You may argue that any painter would be ignorant of the science behind a convex lens. But Leonardo da Vinci was not ‘any painter’. He was a polymath of the High Renaissance! He has portrayed much more complex scientific principles in his work than that of a convex lens. There is no plausible way that da Vinci couldn’t have known the laws of optical physics. So why did he do that?

Solved

The puzzle was solved by computer scientists from the University of California, Irvine. The painting was 3d virtualized to study about how the various material orbs would appear under different refractive conditions. Many materials with which orbs could be designed were taken into consideration. At last it was concluded that the spherical orb was not a solid mass, instead a hollow orb. Hollow orb does not behave like a convex lens. It displays the image as it is, thus adhering with the painting. They predicted that the glass of the orb in Salvator Mundi was a fraction of an inch thick thus accounting for the quality.

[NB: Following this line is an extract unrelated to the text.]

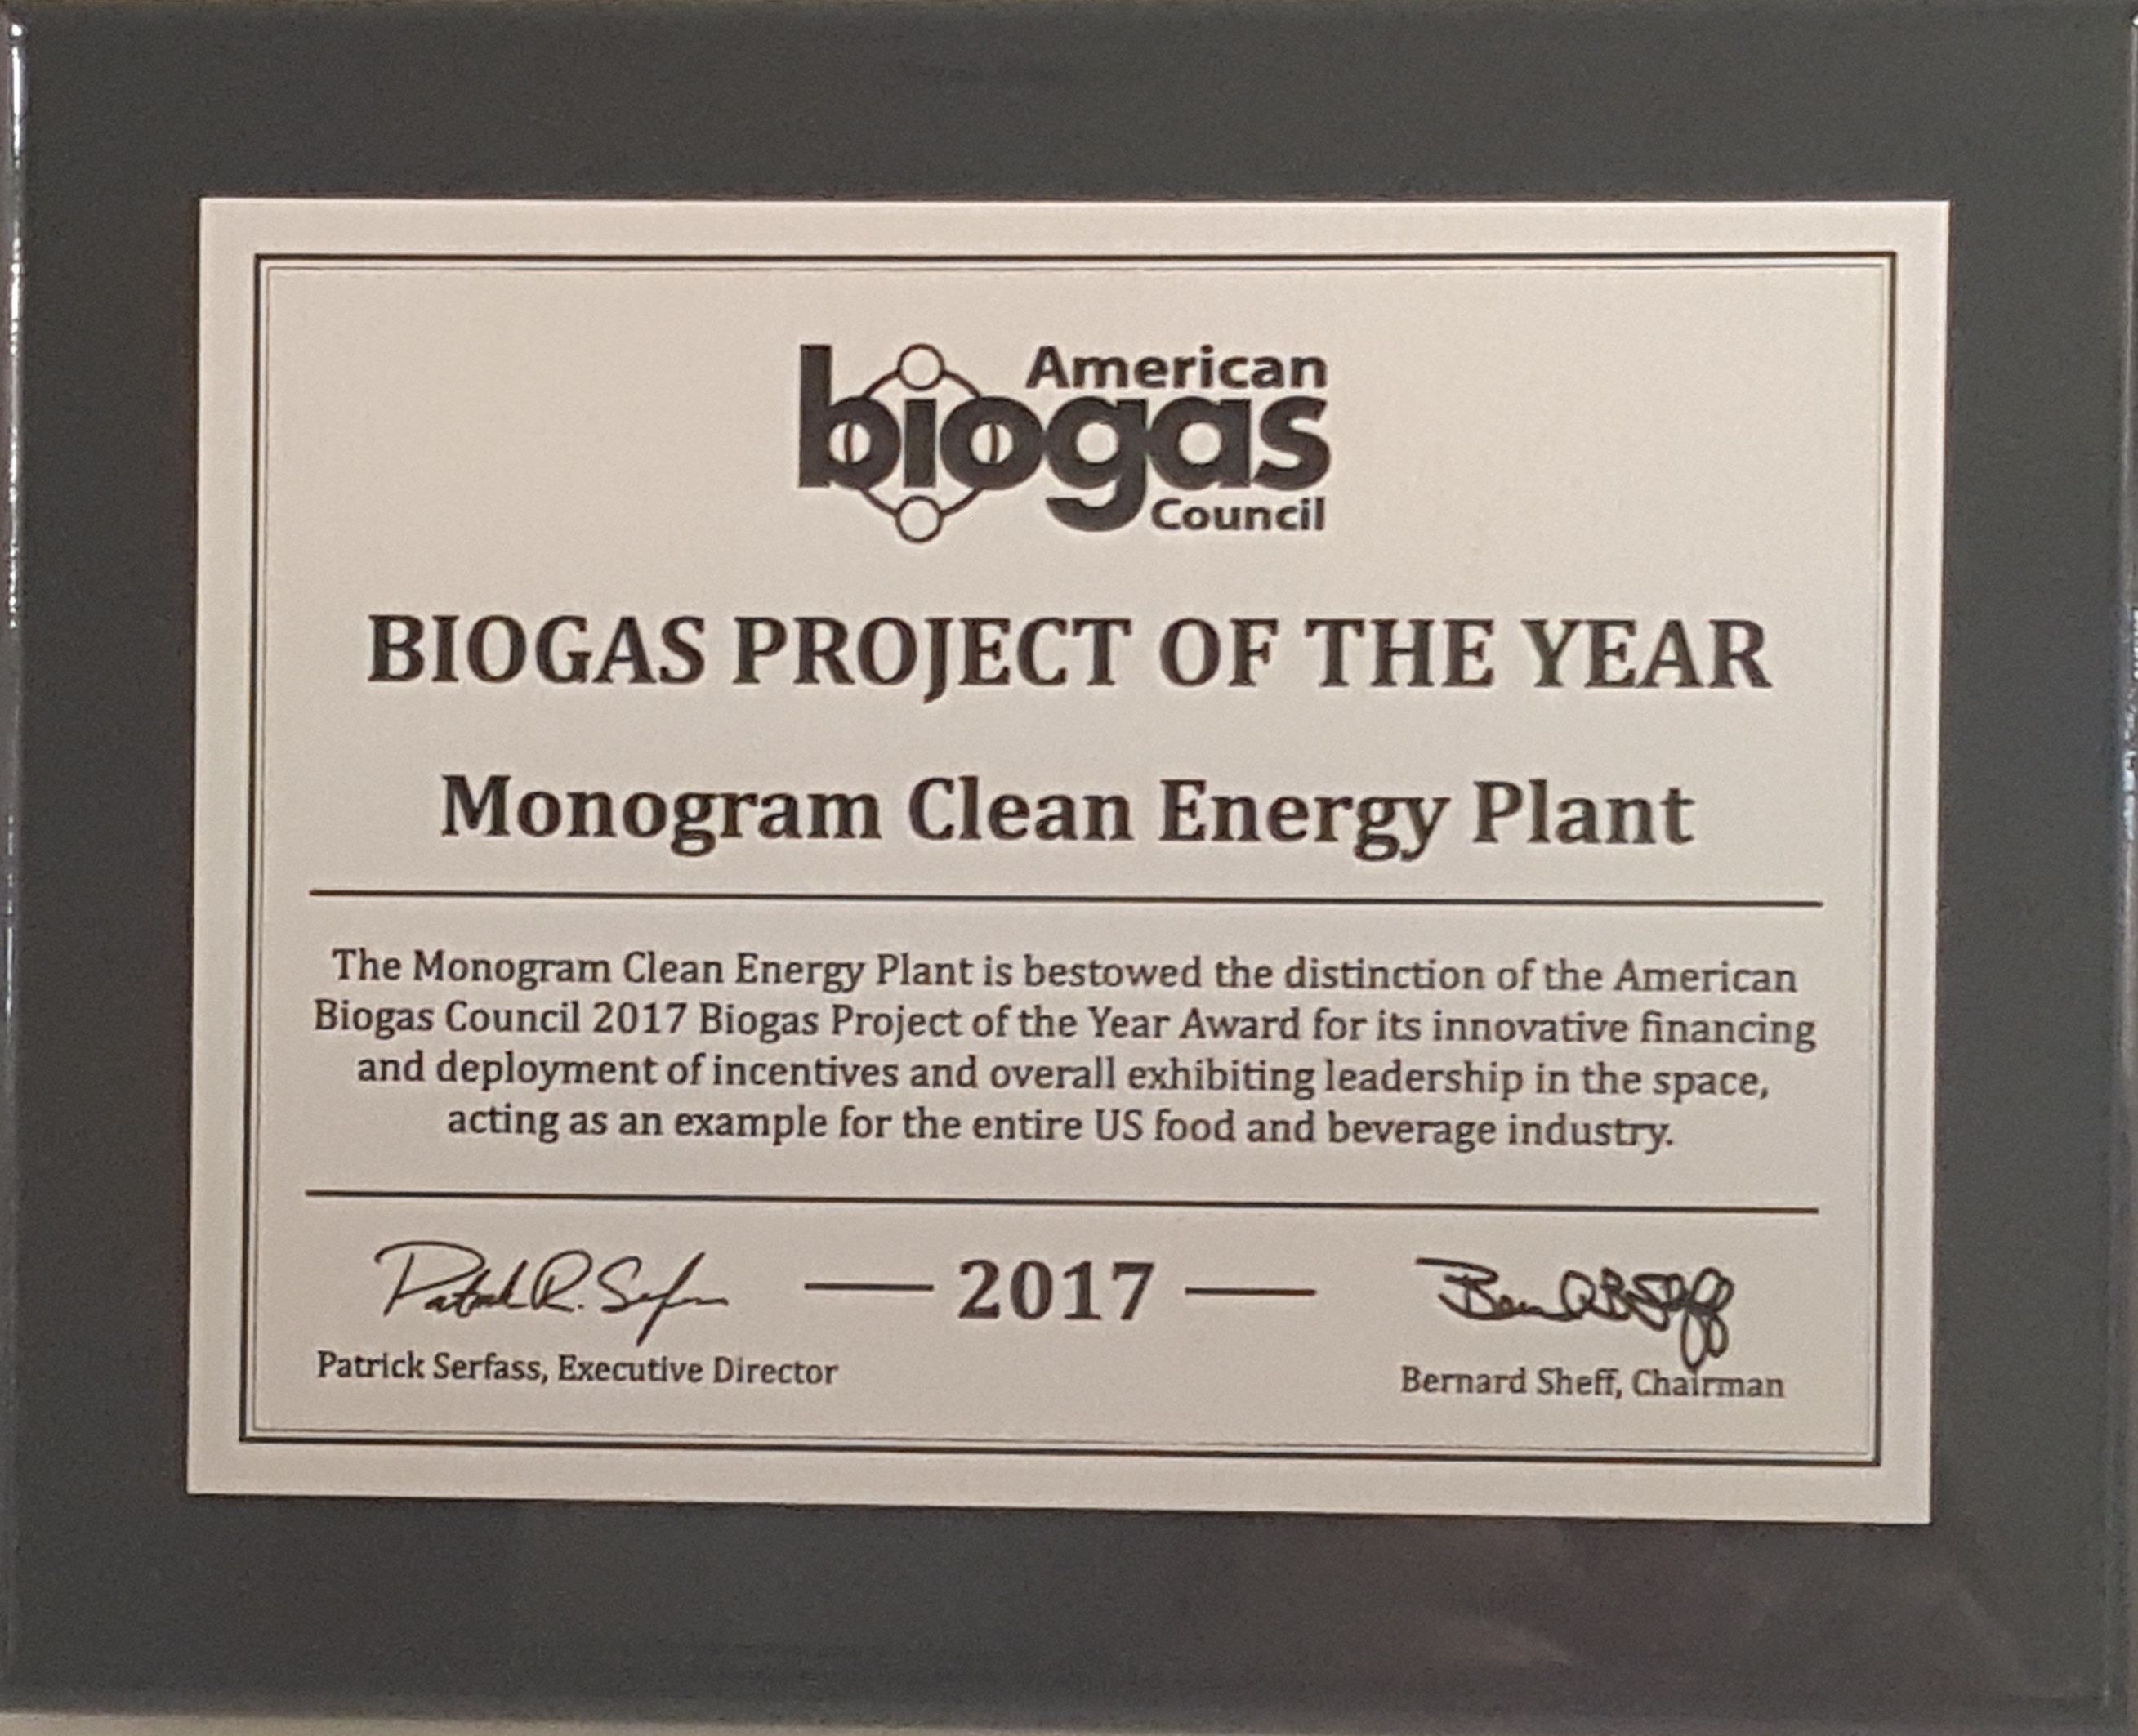 Biogas Project of the Year Award

Did Leonardo da Vinci actually paint it?

Many critics claim that the painting is not actually da Vinci’s. They point that da Vinci is more of a scientist to commit such trivial errors and thus proving that he did not paint it at all and that it was painted by a ‘lesser’ painter. But many say that, such a clever installation of the orb itself is a proof of authenticity. In order to think about hollow orbs and paint it during the 1500s would take immense intellect, which can only be done by the polymath himself.

Leo constellation?

 

three dots
The three dots in the glass orb

Orange iris
The orange iris of Jesus in the painting

As if the Salvator Mundi has not enough controversies, one more intriguing detail is the three dots painted in the glass orb giving it a mystical appearance. The three dots are said to represent the constellation of the sign Leo. What does it have to do anything with this painting? Well, if you observe the iris of Jesus, a faint orange glow emanates from within. The orange iris imitates Lion’s eyes. And thus the constellation, many say. Some also relate to the fact that his name Leonardo is the reason behind. However there is no concrete explanation behind.

Hope I kindled some curiosity within you today. I leave you with one of my favorite da Vinci’s quote:

To develop a complete mind:

Study the science of art;

Study the art of science.

Learn how to see. Realize that everything connects to everything else.